From top to bottom, retype the data exactly, passing over any picture.

**Data below**

========================================================================

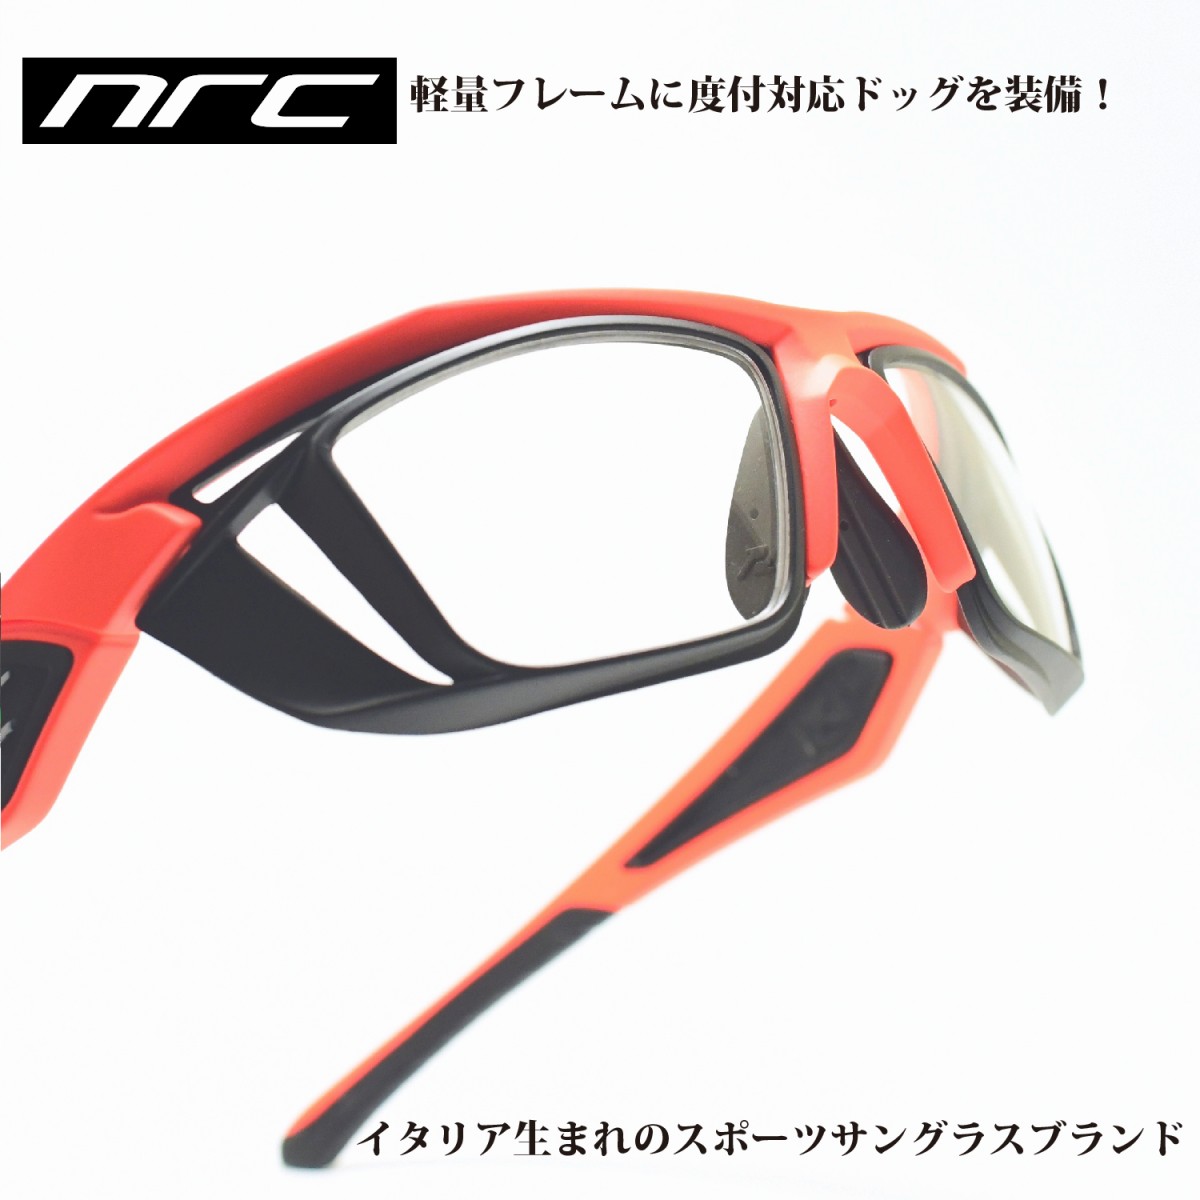 nrc エヌアールシー X5 DOC SACROMONRE/OPTICAL DOC メガネ 眼鏡 めがね メンズ レディース おしゃれ
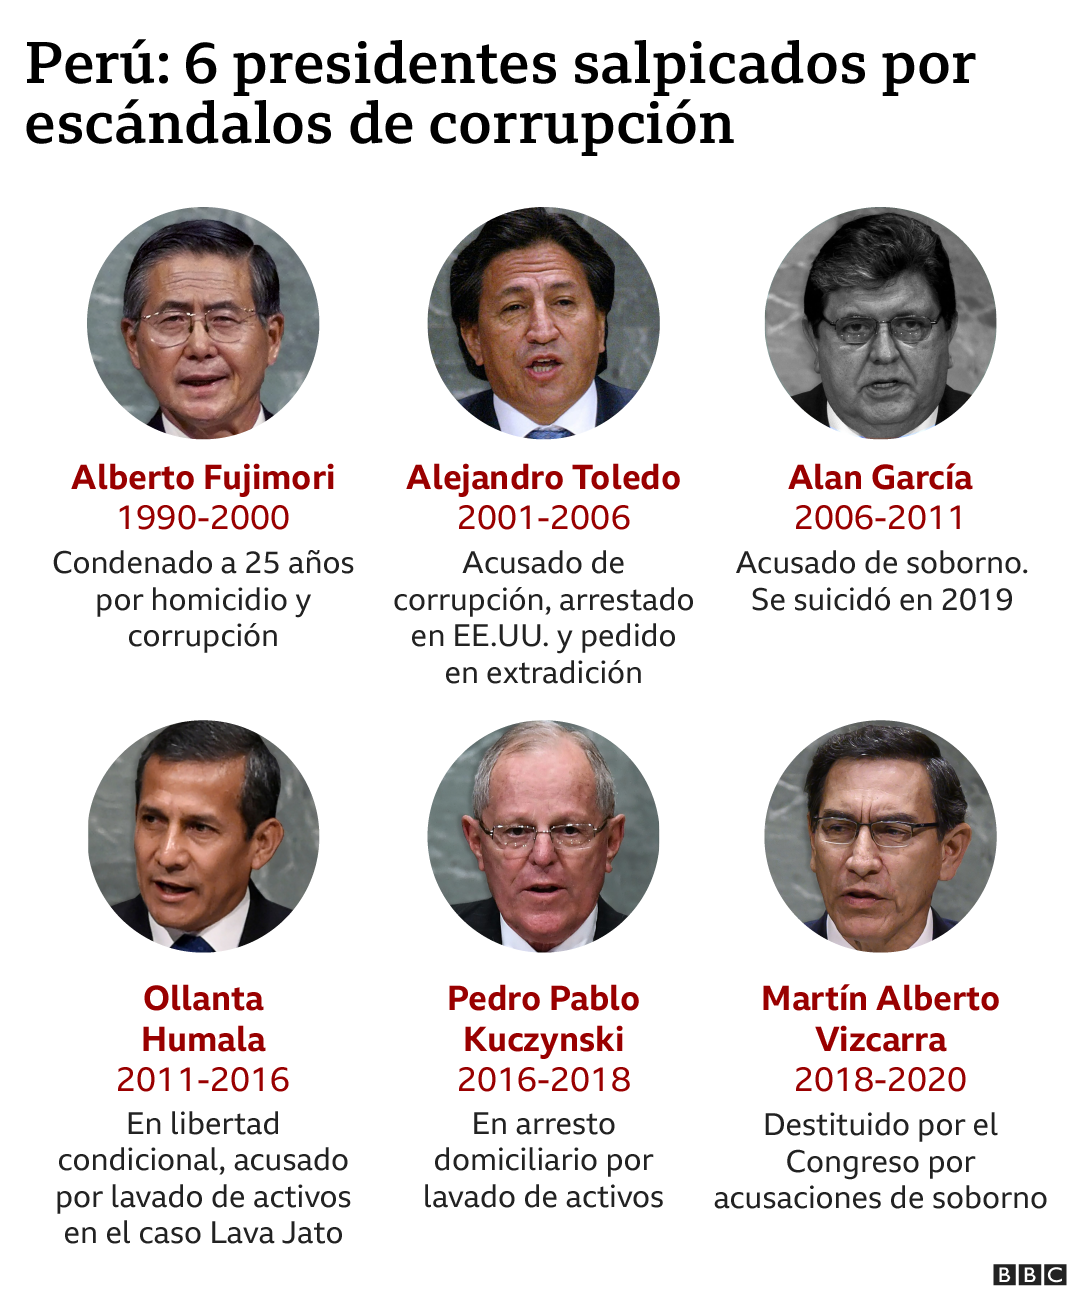 Inforgrafia de BBC Mundo sobre presidentes de Peru
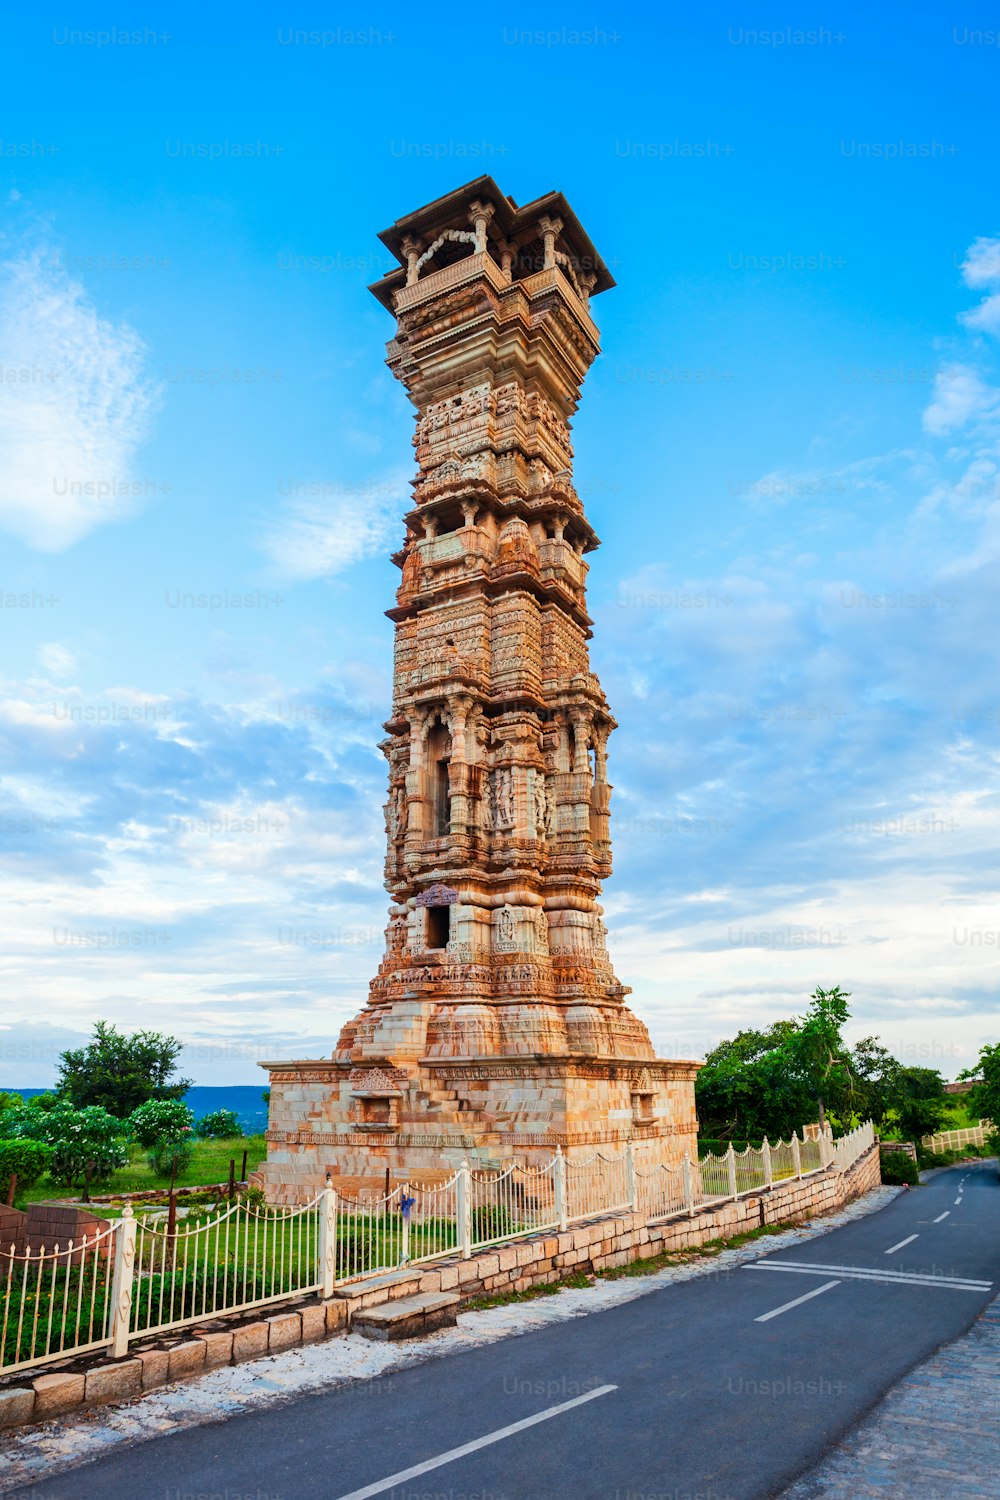 Kirti Stambh bedeutet Turm des Ruhms ist ein Monument-Turm im Chittor Fort in der Stadt Chittorgarh im indischen Bundesstaat Rajasthan
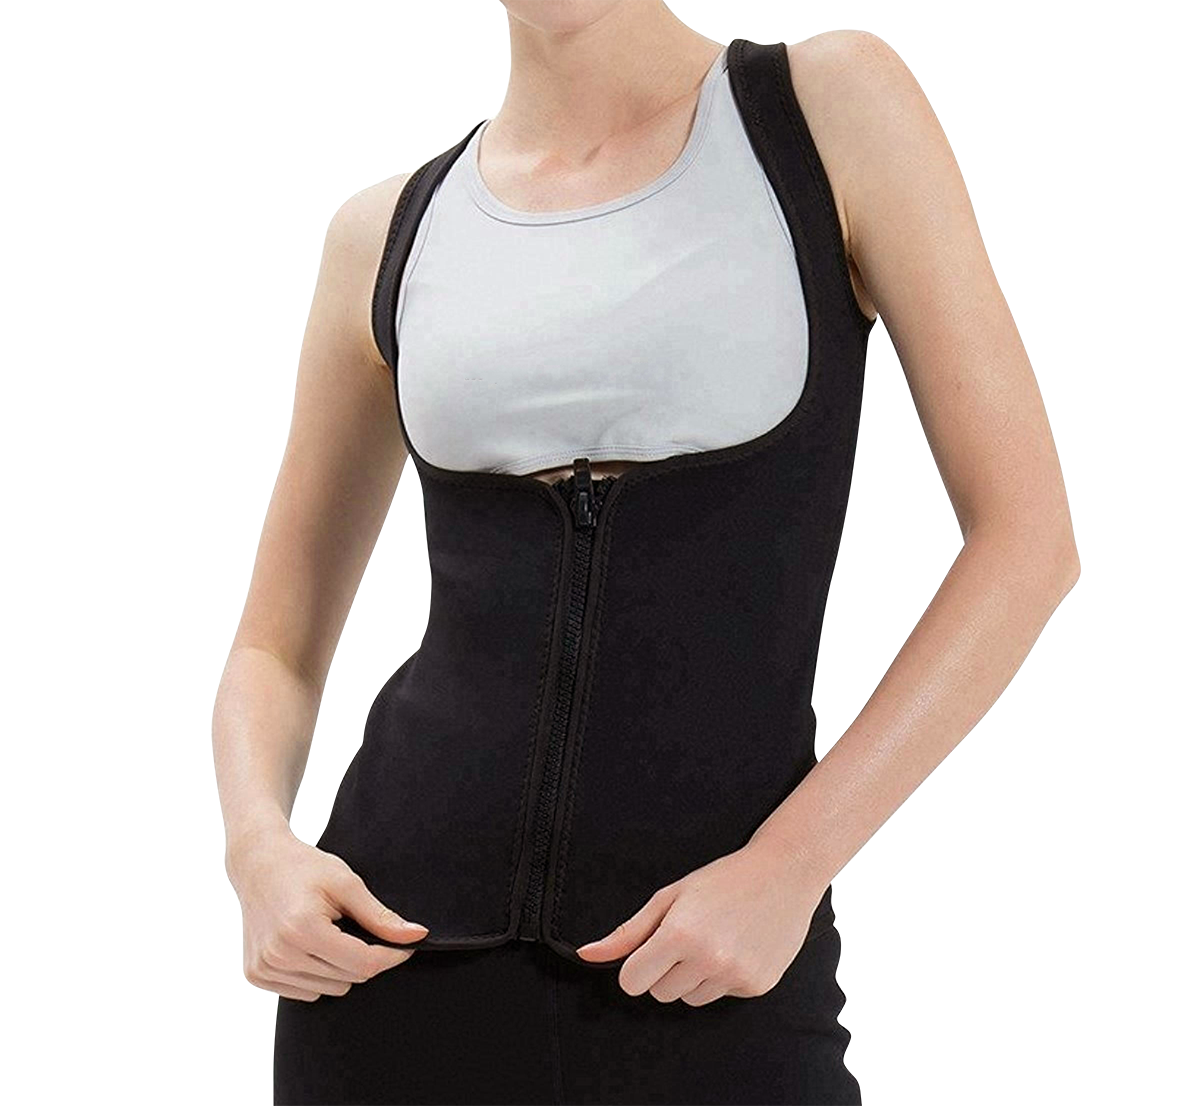 Women's Slimming Vest

========================================================================

**Expected answer**
 nrc エヌアールシー X5 DOC SACROMONRE/OPTICAL DOC メガネ 眼鏡 めがね メンズ レディース おしゃれ
 Inforgrafia de BBC Mundo sobre presidentes de Peru
 Kirti Stambh bedeutet Turm des Ruhms ist ein Monument-Turm im Chittor Fort in der Stadt Chittorgarh im indischen Bundesstaat Rajasthan
 Women's Slimming Vest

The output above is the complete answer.